If you don’t need to use force, if a polite discussion will do the job, then you are on the same side! You are collaborating. You are in a symbiotic relation. You collaborate with your peers; you fight your exploiters. You love your neighbour; you fight your oppressor. Your heart is the size of your fist.
It’s so damn obvious that it’s hard to recognize. Union officials that collaborate with employer executives are part of the same management elite. Professions that collaborate are part of the same system of exploitation or of inherited privilege, such as the medical establishment and big pharma. Where there is ‘cooperation’ there is relative advantage for both parties, relative to other groups. Where there is institutionalized asymmetry and injustice, only confrontation and forced adjustments can partially restore equitable distribution. It doesn’t take a Ph.D….
Actually, it does take a Ph.D.: One must be indoctrinated by a sufficient amount of formal education to not see the obvious and to partake in the lie. Gradual change my ass. A true intellectual doesn’t preach the religion of gradual change but instead steps out of the mental framework of privilege to defend those on the other side. A true intellectual helps the other side develop the tools it needs and does not participate in neutralizing defiance.
Change occurs when people risk as much as they need to. First World citizens have a responsibility to risk as much as they need to to be as effective as possible. True intellectuals are impolite, unprofessional, uncollegial, inconsiderate, etc., in pushing the limits as far as they must. In the light of the crimes being perpetrated by our governments and our corporations and financial institutions, true intellectuals have no choice. The question is not “What is too far?” but rather “What is far enough?”.
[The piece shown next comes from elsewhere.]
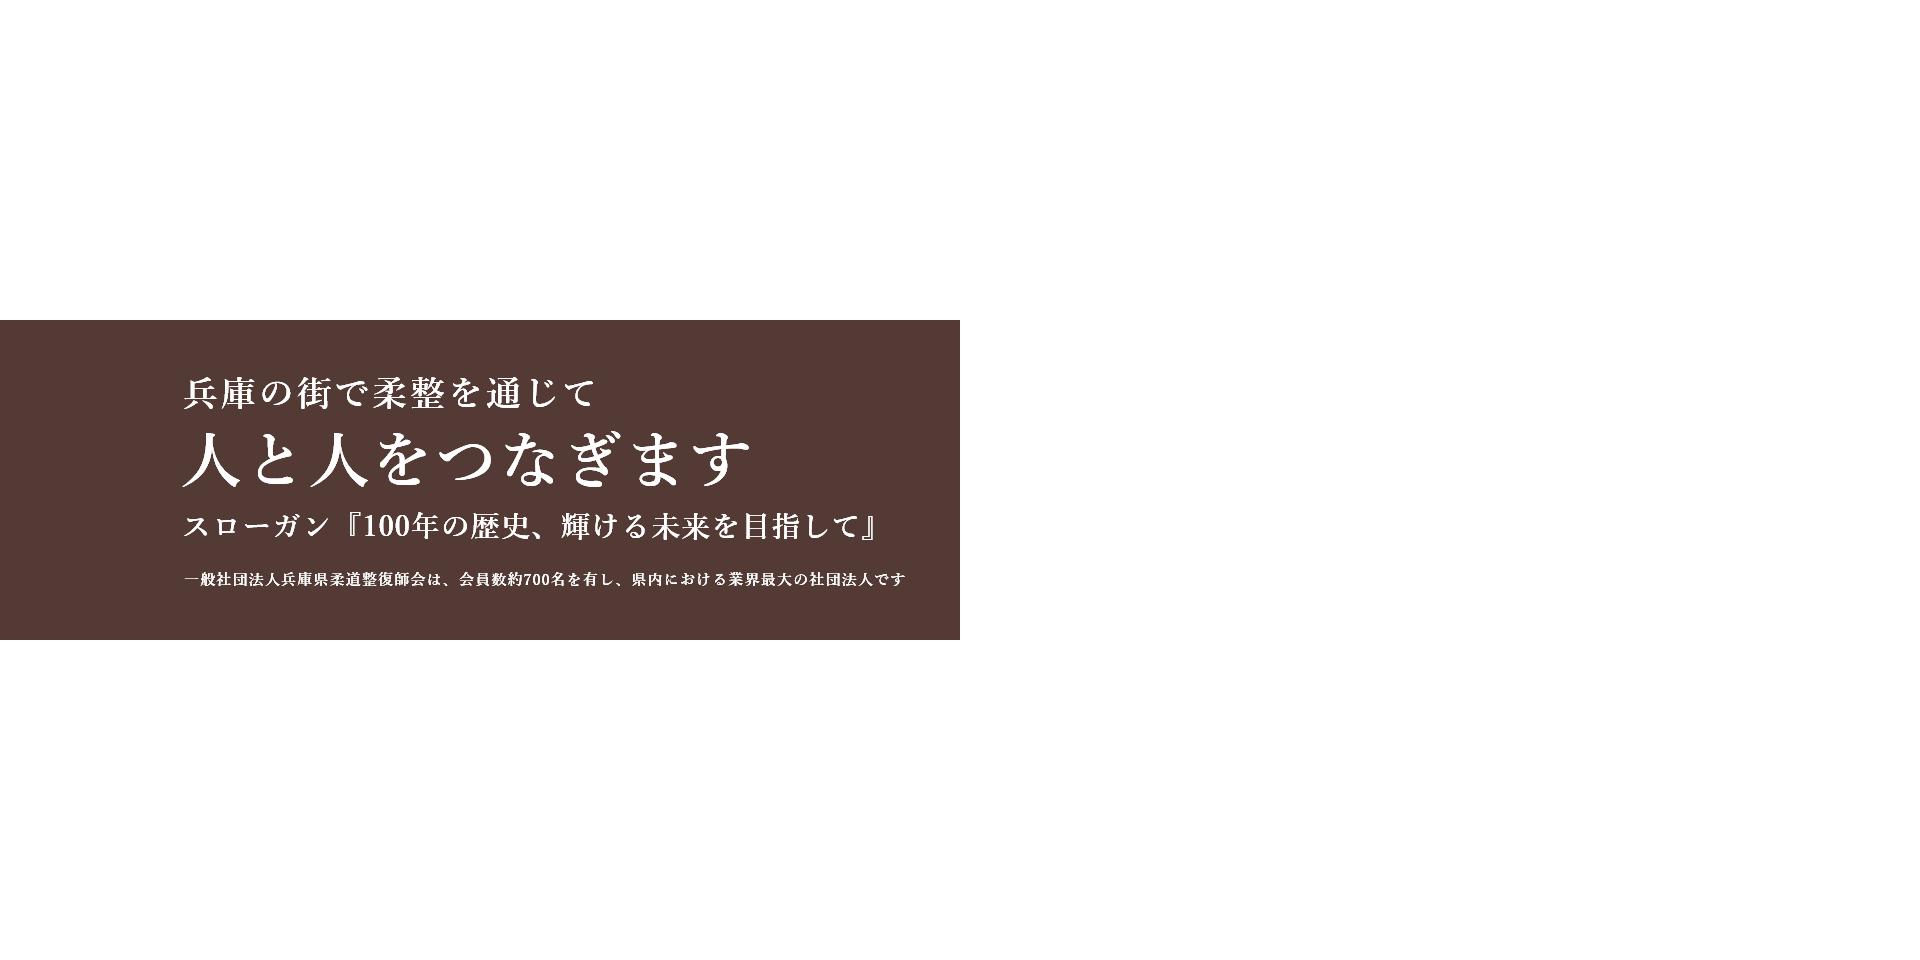 兵庫県内の柔道整復師唯一の公益社団法人 兵庫県柔道整復師会 信頼と安心、健康社会への貢献

Respect for individuals as persons is distinct from attacking representatives of oppressive power structures. The representatives must be attacked as representatives, as strongly as is necessary. They must be attacked as individuals wielding illegitimate (undemocratically controlled) power that is used unjustly. One must assume that they can be intimidated, perturbed, educated, etc., and that our actions will either make them see the light or at least force them to back down. People enmeshed in a system and culture of power and privilege cannot be reasoned with from the other side of the divide without the reasoning being based on a real threat.
Polite discussions and orderly debates are fine between different segments of the ruling class arguing about how best to preserve and enhance their class dominance but social justice comes only out of risk and confrontation, organized resistance and mass movements. True intellectuals speak truth to power . True intellectuals expose power and say the obvious. True intellectuals side with the exploited and oppressed and are examples of defiance.
Service intellectuals maintain a mental environment that preserves privilege. Service intellectuals maintain intellectual discipline – constantly identifying, isolating, and neutralizing true intellectuals, however few there are.
Denis G. Rancourt is Professor of Physics at the University of Ottawa.